╔══

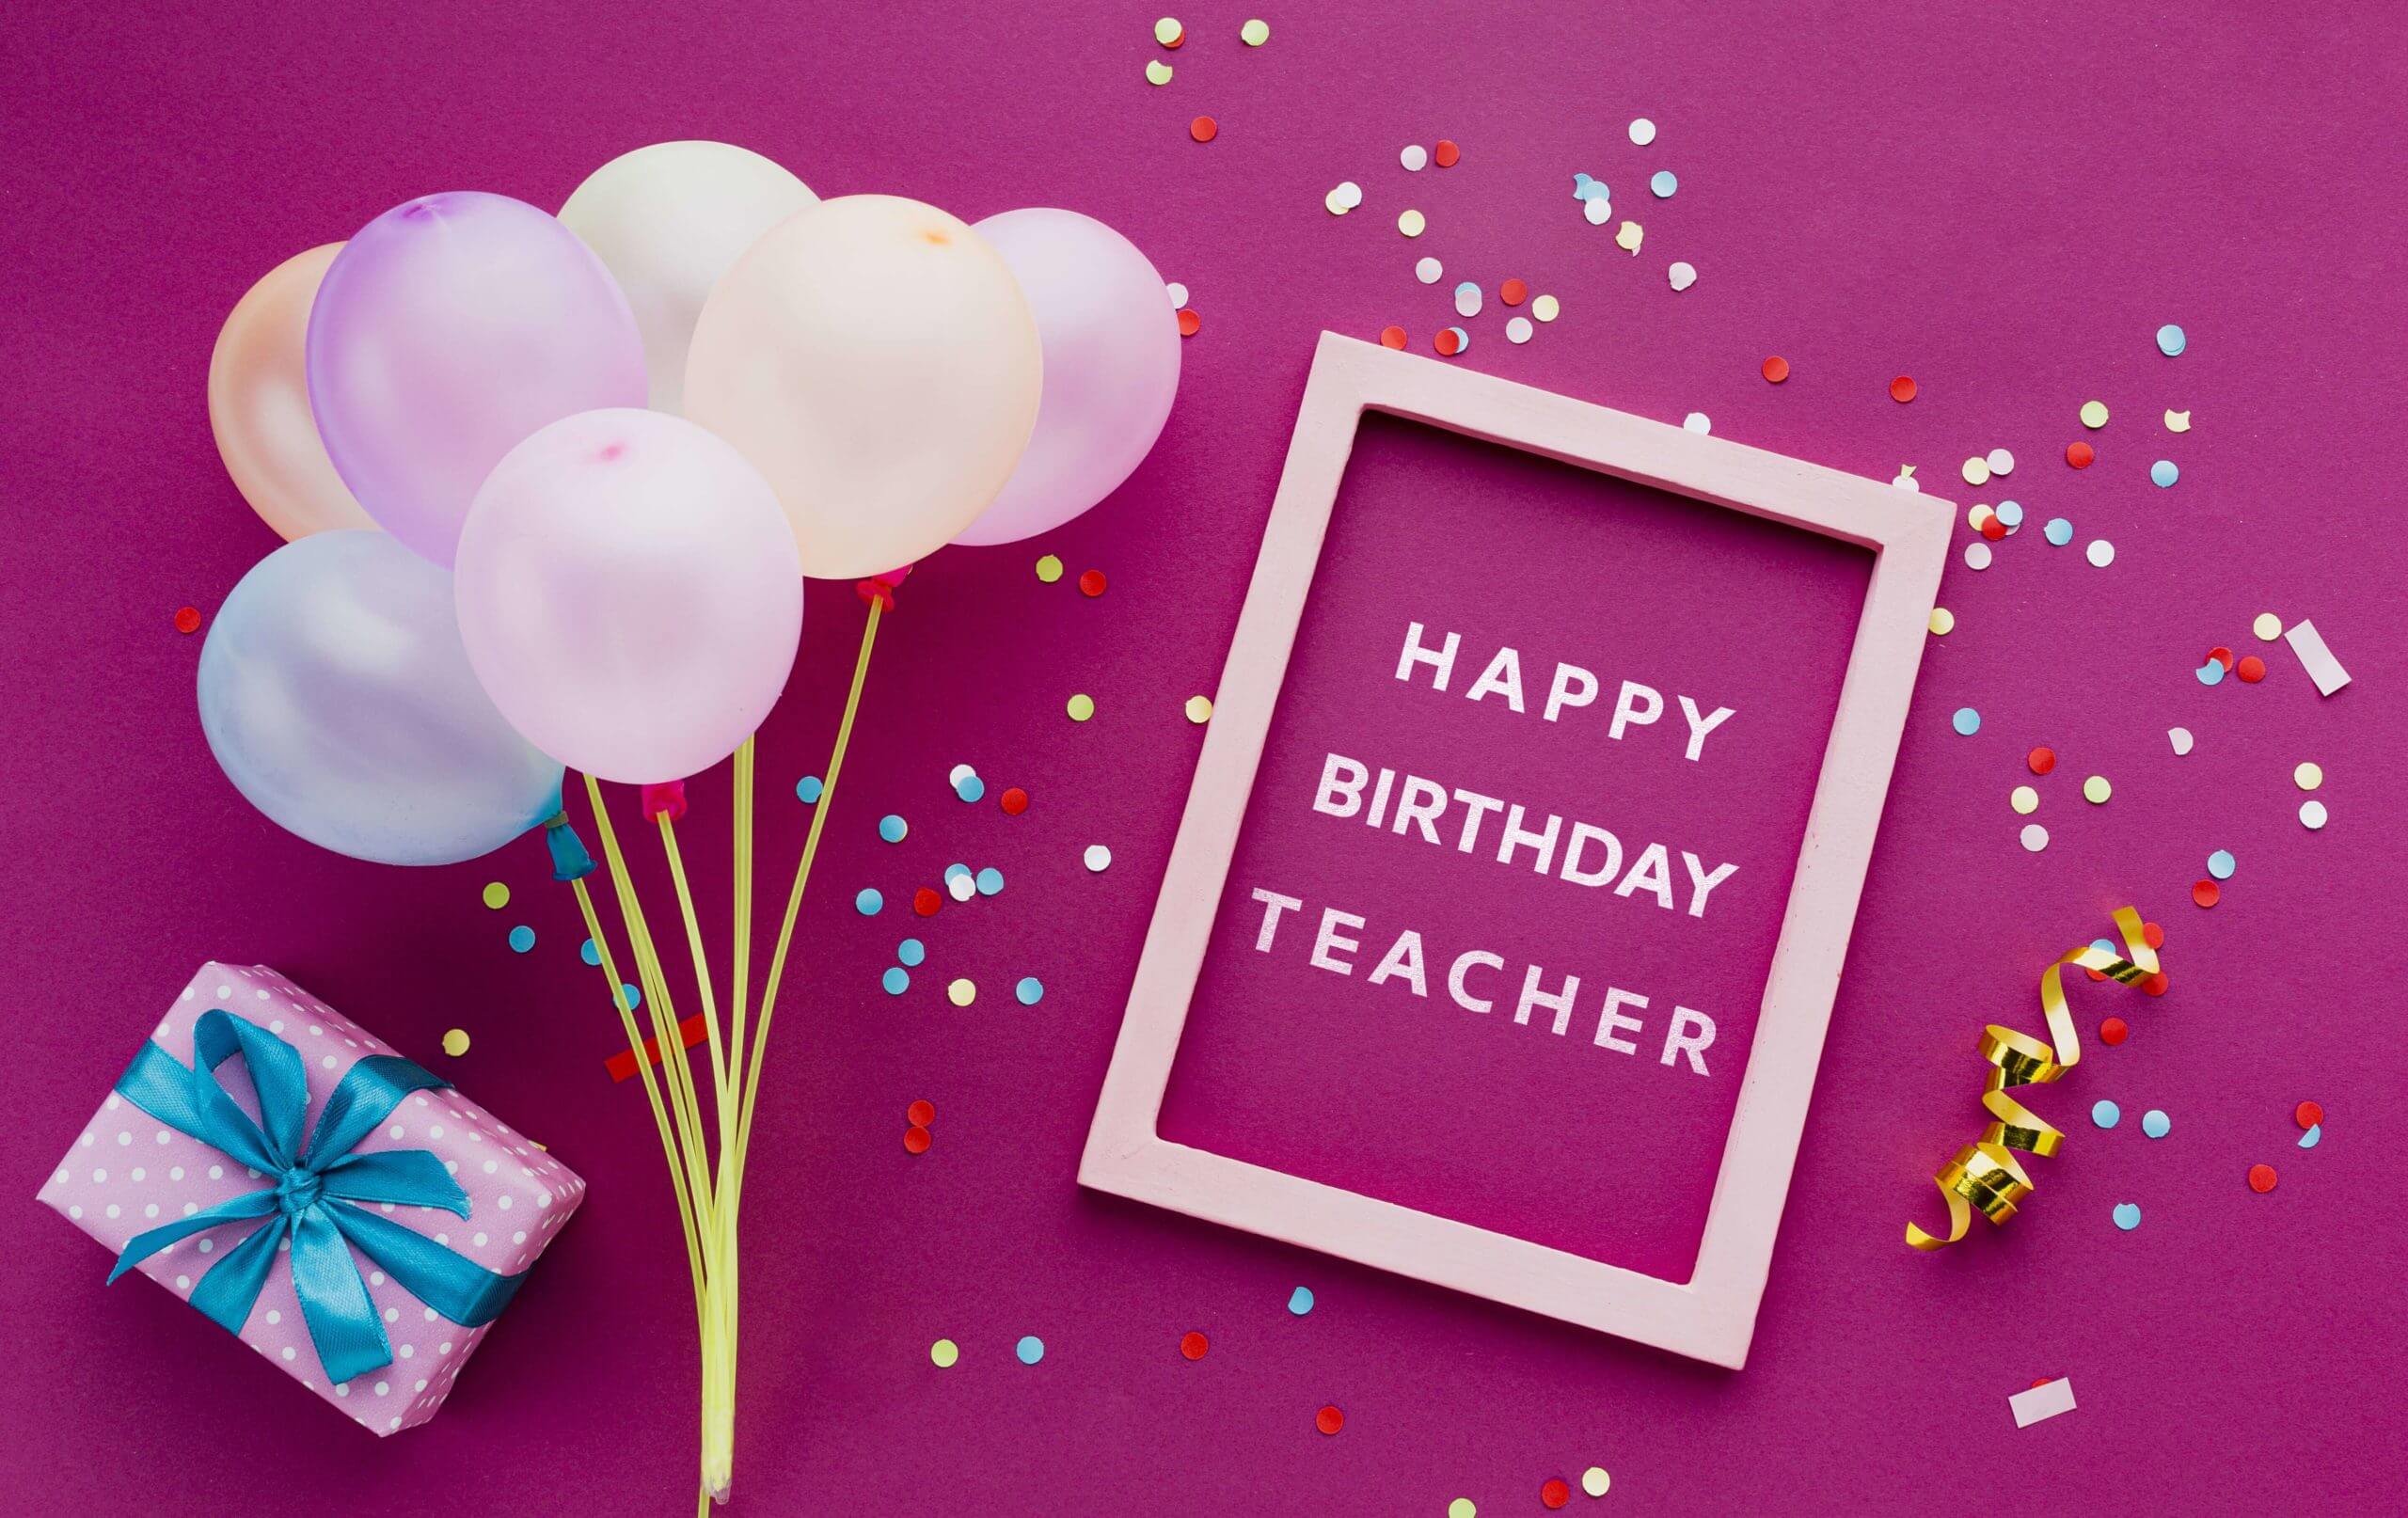 happy-birthday-teacher-birthday-cards-images-wishes-and-greetings
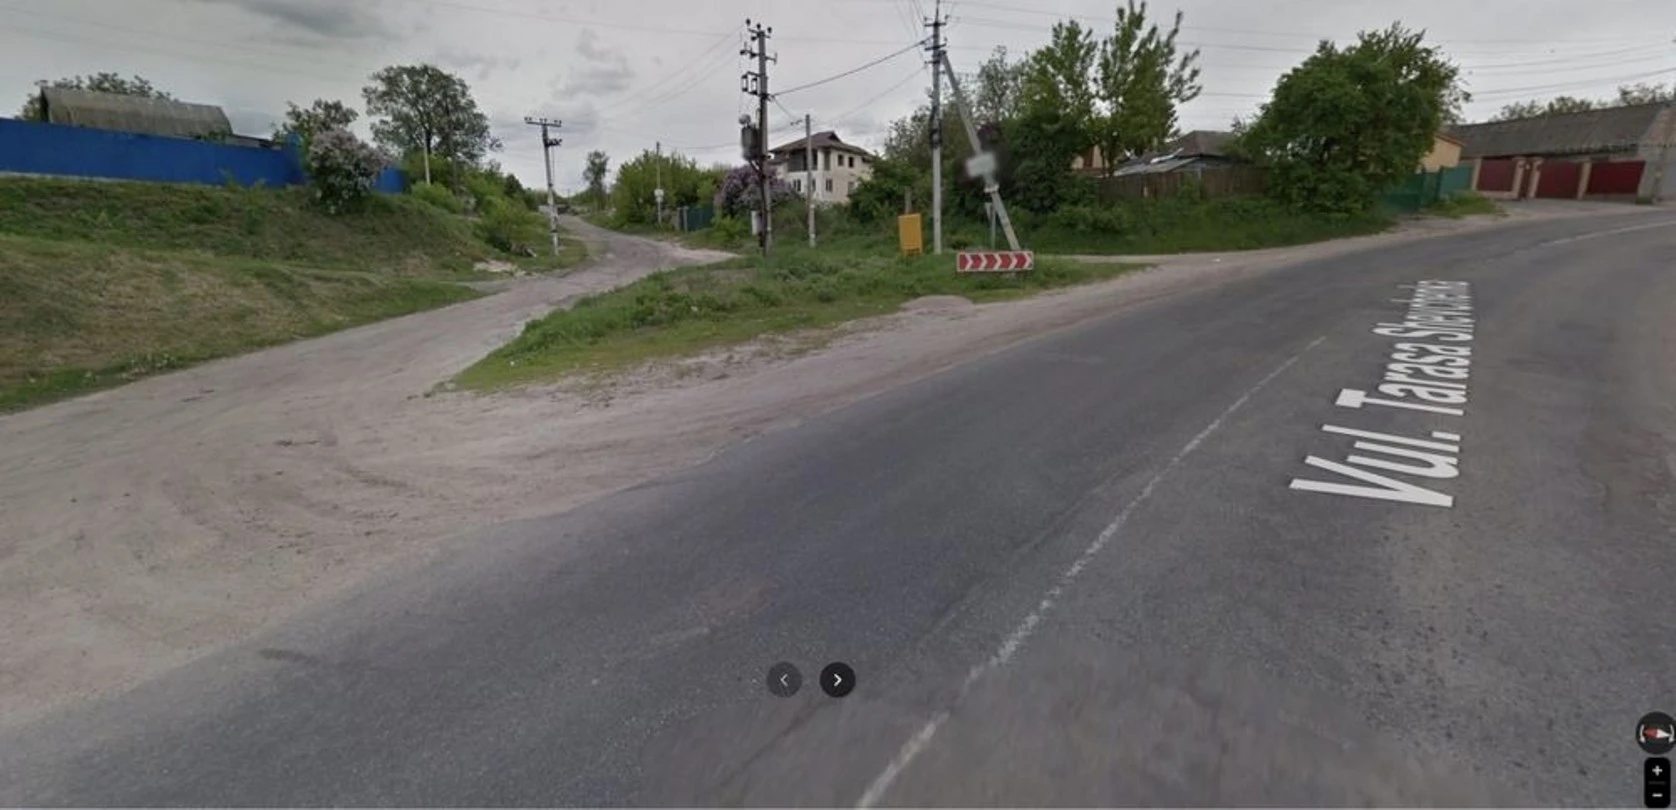 Land for sale for residential construction. Yurivka. 
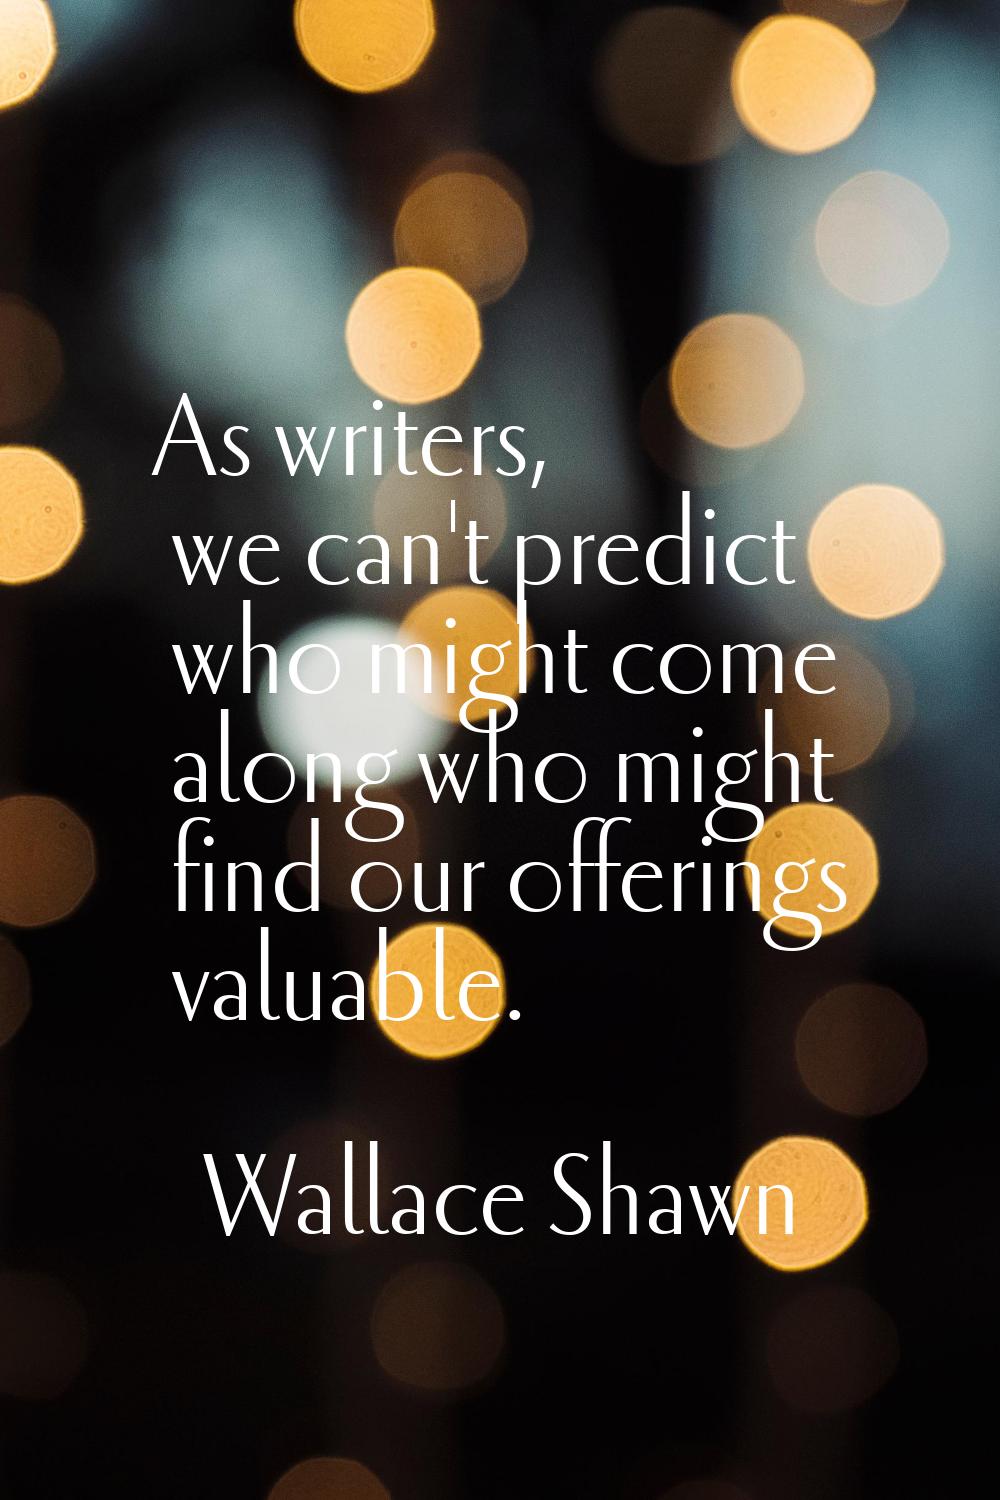 As writers, we can't predict who might come along who might find our offerings valuable.
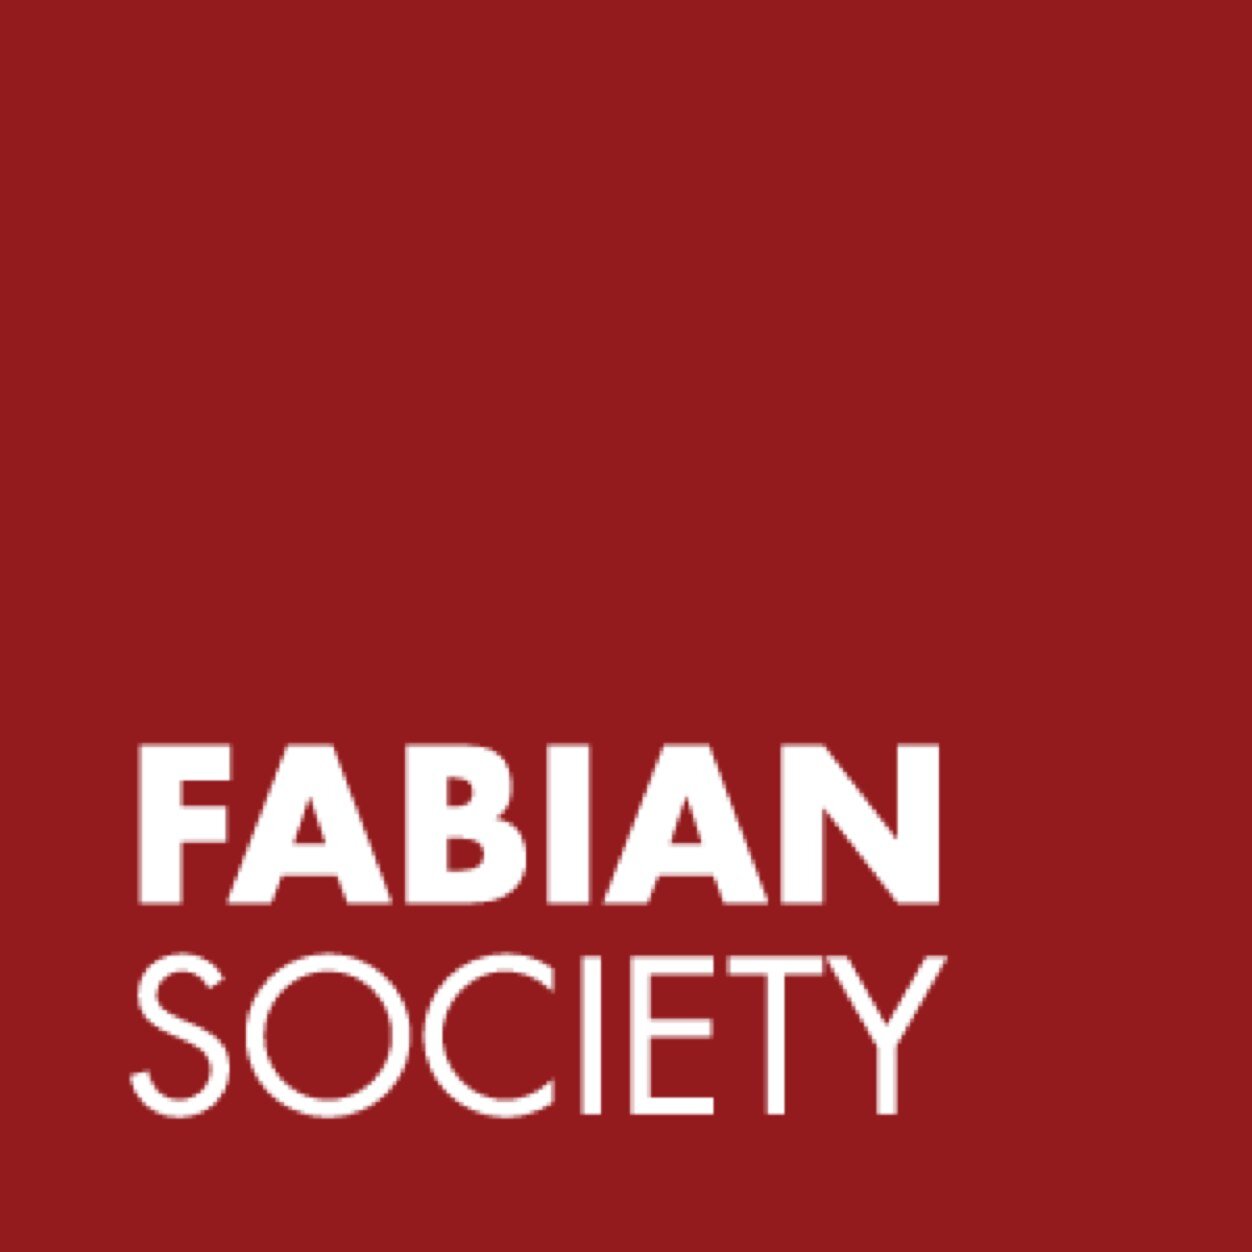 The Twitter account for the Surrey Fabian Society

╚══

> _Problem_:
Skip the pictures and write out exactly the lines from the line containing "Land for sale" through the end of the listing above.

> _Response_:
 Land for sale for residential construction. Yurivka. 
 As writers, we can't predict who might come along who might find our offerings valuable.
 The Twitter account for the Surrey Fabian Society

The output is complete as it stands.